Showeast 2012: Sony Focused On Digital Cinema Conversion
The technology maker continues to offer Virtual Print Fee deals, previews a new 4K projector designed for small to mid-sized theaters, and demos high frame rate support.
With many predicting that the end of film might not be so far off, Sony has arrived at this week’s Showeast theater owners confab in Fort Lauderdale, Fla. to preview a new model of its 4K digital cinema projector and restate that its Virtual Print Fee (VPF) deals remain available in the U.S. and Canada.

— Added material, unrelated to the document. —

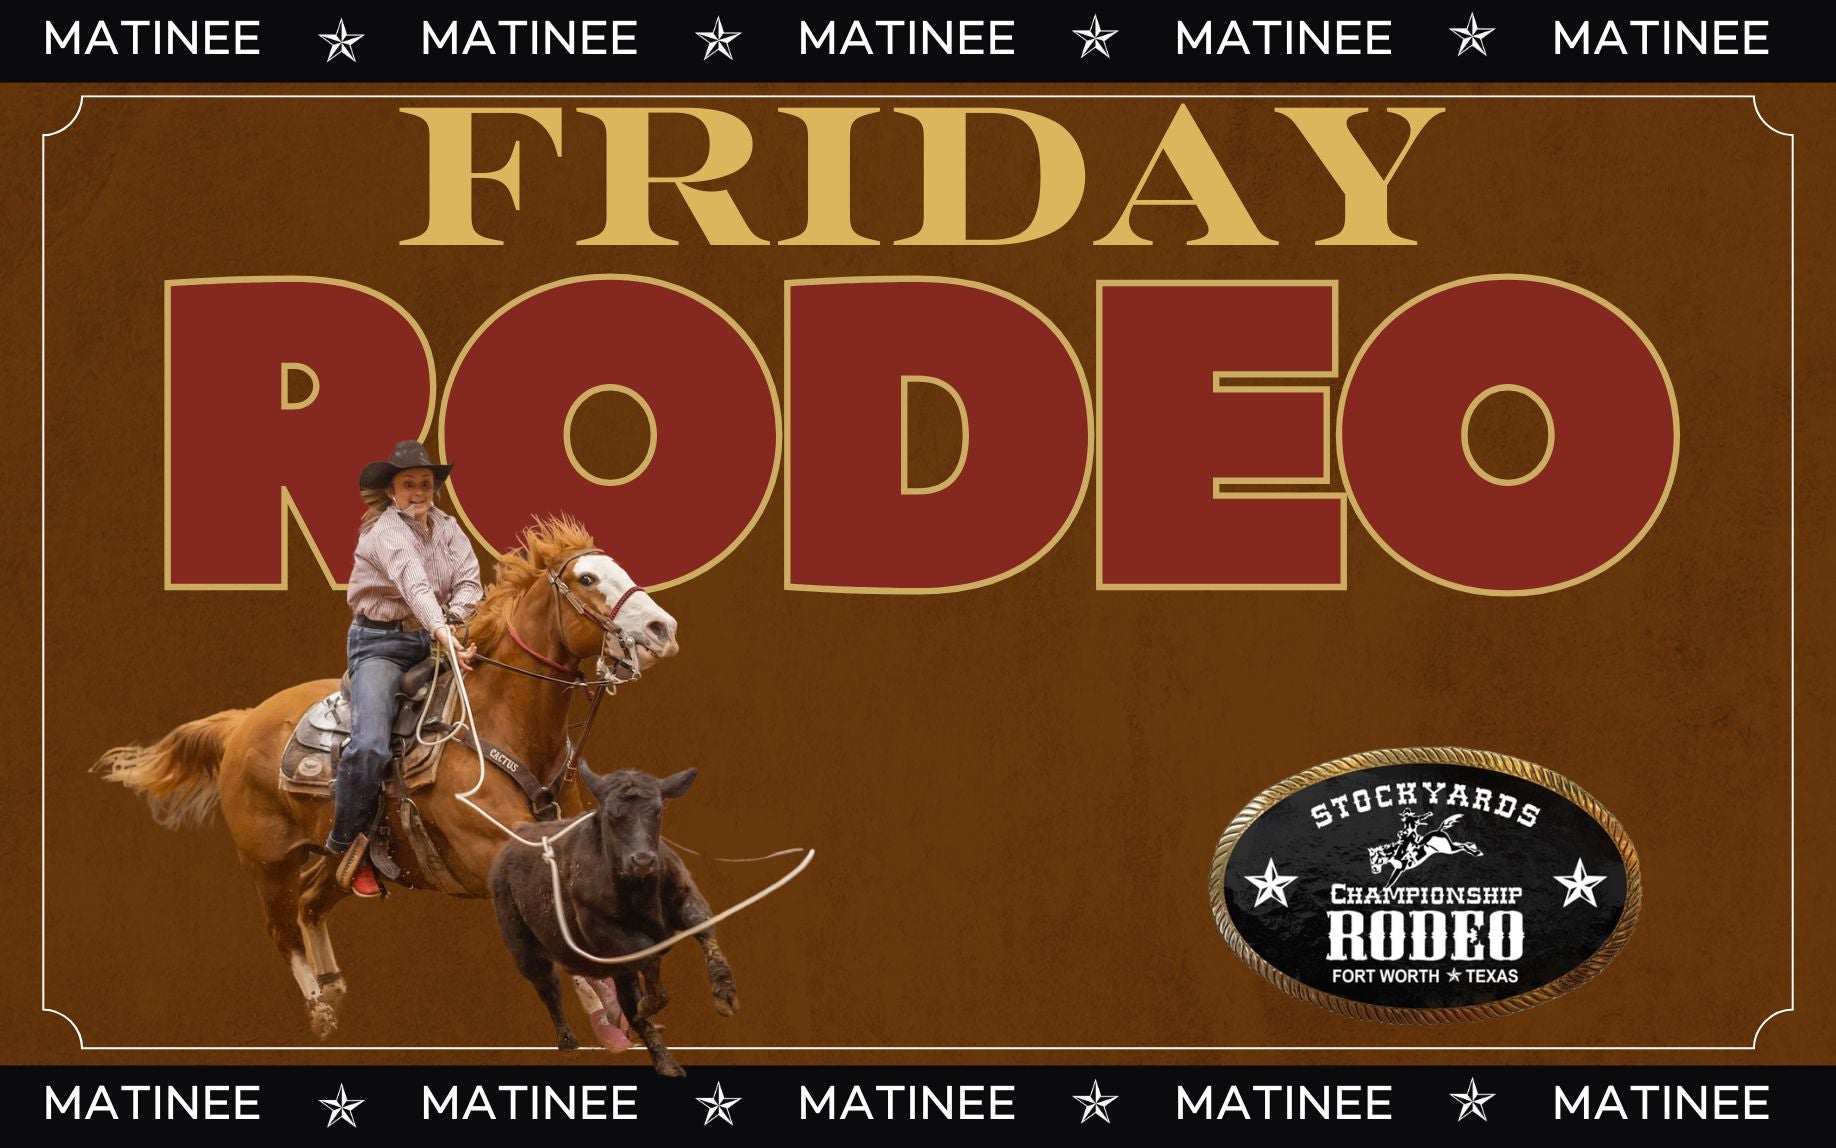 Stockyards Championship Rodeo - Friday 1:30PM MATINEE
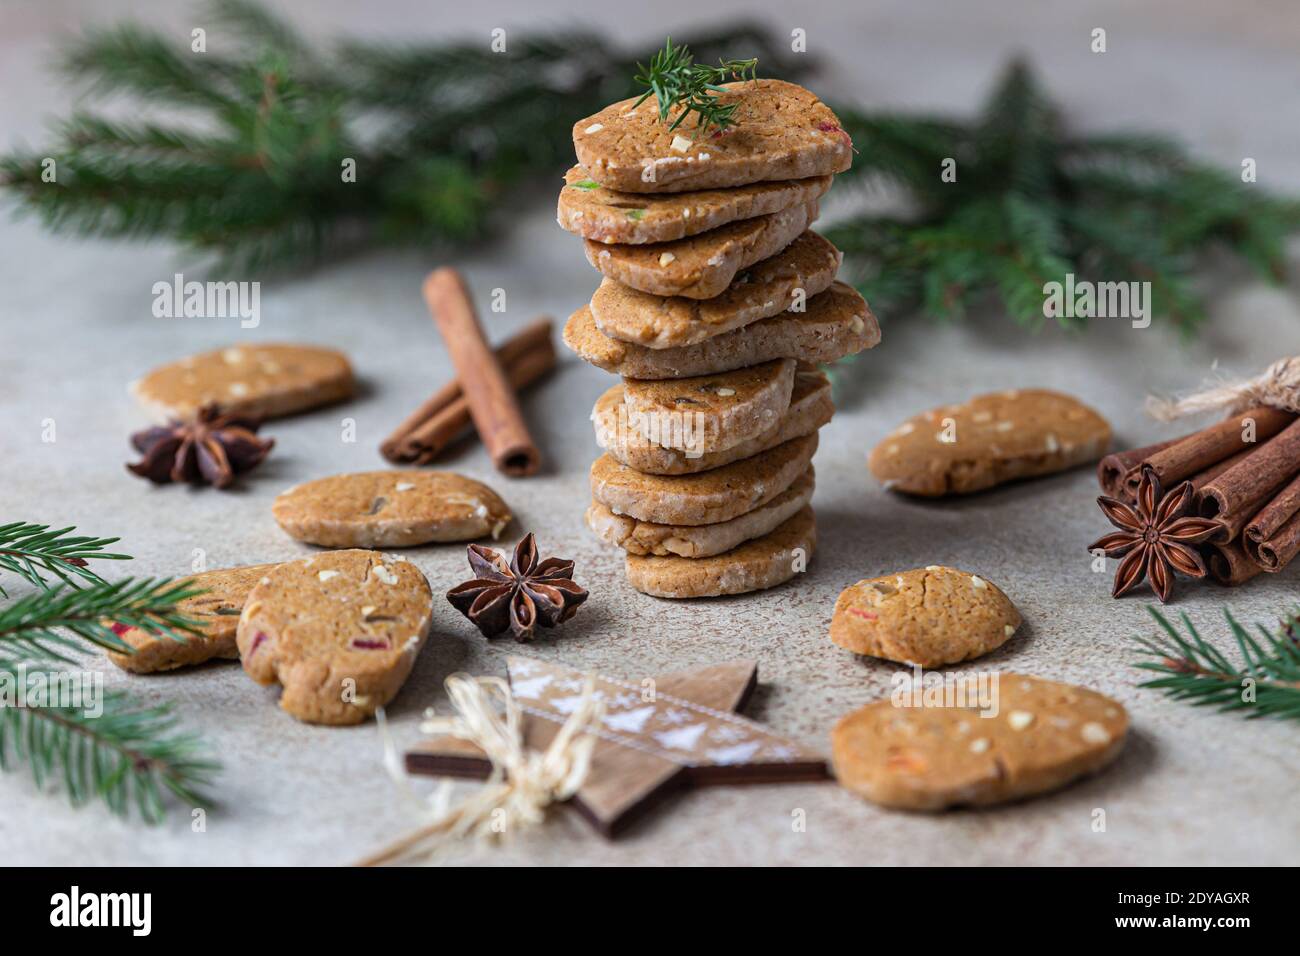 Biscuits au beurre danois épicés avec fruits confits, bâtonnets de cannelle et anis, fond clair. Fond de Noël ou de nouvel an avec branche de sapin Banque D'Images

VPFs are the financing models that the industry adopted to help pay for the conversion from film projectors to digital systems, which can reach six figures. To help theater owners handle the costs, studios pay exhibitors VPF fees on each movie they release. But availability of those deals is starting to expire.
“[Some] VPF deals for the U.S. and Canada ran out at the end of September. Ours are available until March 31, 2013,” reported Gary Johns, senior vp, digital cinema solutions at Sony Electronics. The deadline to sign up for Sony’s program in international markets extends even further out.
In addition to its SRX-R320P digital cinema projector, Sony is bringing to market the SRX-R515P, a 4K digital cinema projection system designed for small to medium sized screens and independent theaters. The new projector—which will be previewed at Showeast—will be available by the end of the year through its VPF program, or available for purchase next March at a price that Sony says will be lower that its existing projector.
An estimated 13,500 Sony 4K projectors are currently installed in theaters worldwide.
At Showeast, Sony will also highlight its high frame rate upgrade for its projection systems, which supports 48 and 60 frame per second, for 2D or 3D.
Next month, Warners plans a platform release of a 48fps 3D version of The Hobbit: An Unexpected Journey. While the movie will have a wide release on Dec. 14, most theaters will play the movie at 24-frames-per-second, which has been the standard frame rate since the arrival of talkies. A 48 fps version of the movie--a first for a Hollywood feature--will be made available in “all major markets” in North America though it will play only in selected theaters.
At Showeast, Sony additionally will show its Entertainment Access Glasses with audio, designed for hearing and visually impaired movie-goers. The technology allows for the projection of subtitles that are only visible to the viewer.